Erol Kaynar birçok kimliği bünyesinde bulunduran iş ve spor camiasının sevilen ve saygı duyulan isimlerinden birisi. Konseptini yarattığı Sortie, Salomanje, Barkod, Limoncello, Cafe 40, Kalamata gibi eğlence ve lezzet mekanları ile 30 Yıldır sektörünün duayen isimlerinden biri olan Erol Kaynar, şu sıralar Zekeriyaköy’deki villasında deyim yerindeyse kafa dinliyor ve huzur buluyor. İşlerini bitirip evine gittiği an bambaşka bir hayatın kapılarını aralayan ünlü iş adamı; iki papağanı, huzur dolu yaşamı ve zaman zaman dünyanın dört bir yanında yaptığı su altı dalışlarıyla yaşamı boyunca ektiklerini biçmenin keyfini yaşıyor. Erol Kaynar, Zekeriyaköy’deki muhteşem villasında yaşamına dair merak edilenleri, dalış tutkusunu Klass okurları için anlattı.

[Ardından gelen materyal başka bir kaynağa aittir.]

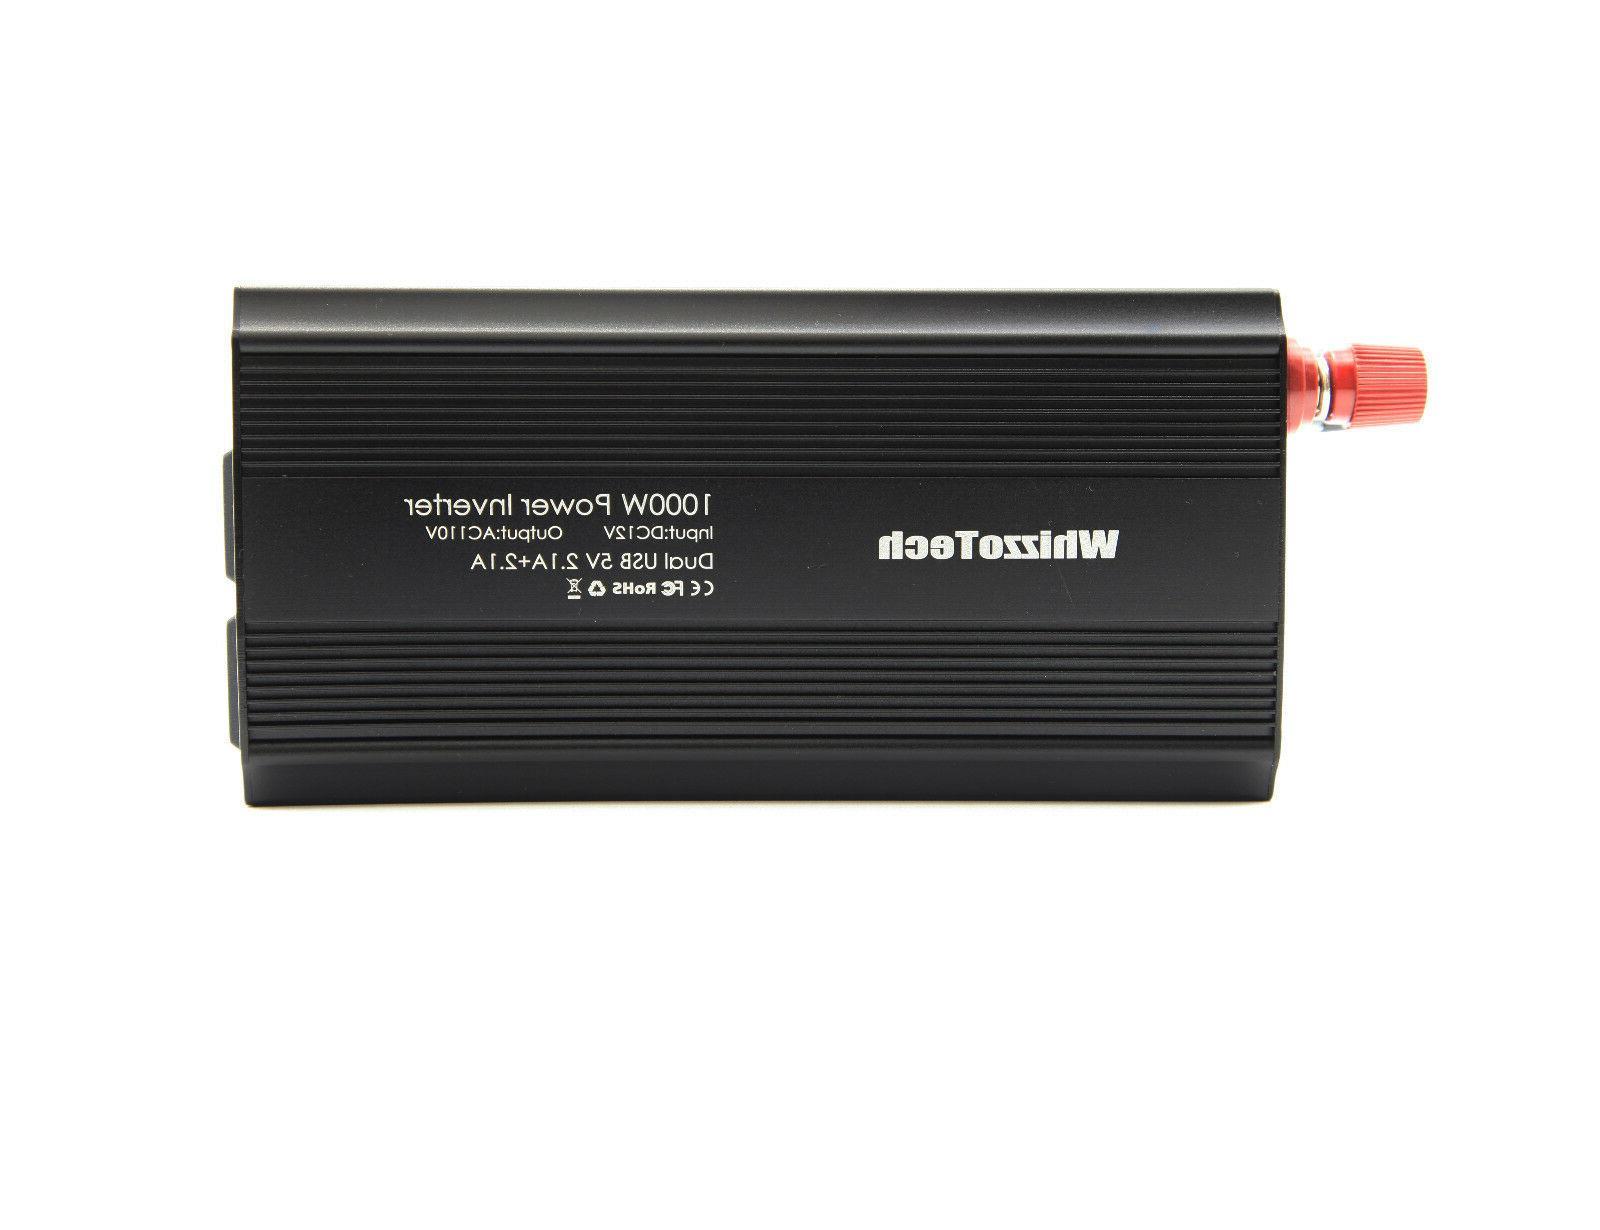 1000W 2000W Car Power Inverter 12V AC 110V 2 Outlets RV

“Kardeşim Varol ile birlikte sahip olduğumuz profesyonel ekibimiz beni çok rahatlattı. Onların sayesinde bu huzuru yaşayabiliyorum. İki tane de papağanım var. Birinin adı Paşa 6 yaşında ve bir senedir bizimle, Cookie ise 21 yaşında ve 16 senedir benimle beraber yaşıyor.”
“Misafirlerimiz bizim mekanlarımıza geldikleri zaman yorgun ve çok stresten geçip geliyorlar. Bizim işimizde en önemli şey misafirlere pozitif enerji vermektir. Onları rahatlatmak çok önemlidir. Ben insanları seviyorum, onlarla birlikte olmaktan mutlu oluyorum. O zaman neden Zekeriyaköy’de yaşamayı tercih ettiniz diye sorulursa da ben zaten binlerce insanla beraberim iş hayatının içerisinde. Burada biraz kenara çekilmek benim hakkımdır diye düşünüyorum.”
“Köpek balığı bilindiği kadar korkunç bir hayvan değil. İnsandan daha korkulacak bir canlıyla karşılaşmadım. Ben köpek balığının yuvalarına girip videolar çektim. Seni kontrol ediyorlar yanından geçiyorlar bakıyorlar ama hiçbir tanesi bana dokunmadı. Dünyadaki hiçbir canlı sebepsiz yere gidip bir başka canlıya zarar vermiyor. Bir sebebi olması lazım. Ya açtır ya da bir şeye tahrik olmuştur.”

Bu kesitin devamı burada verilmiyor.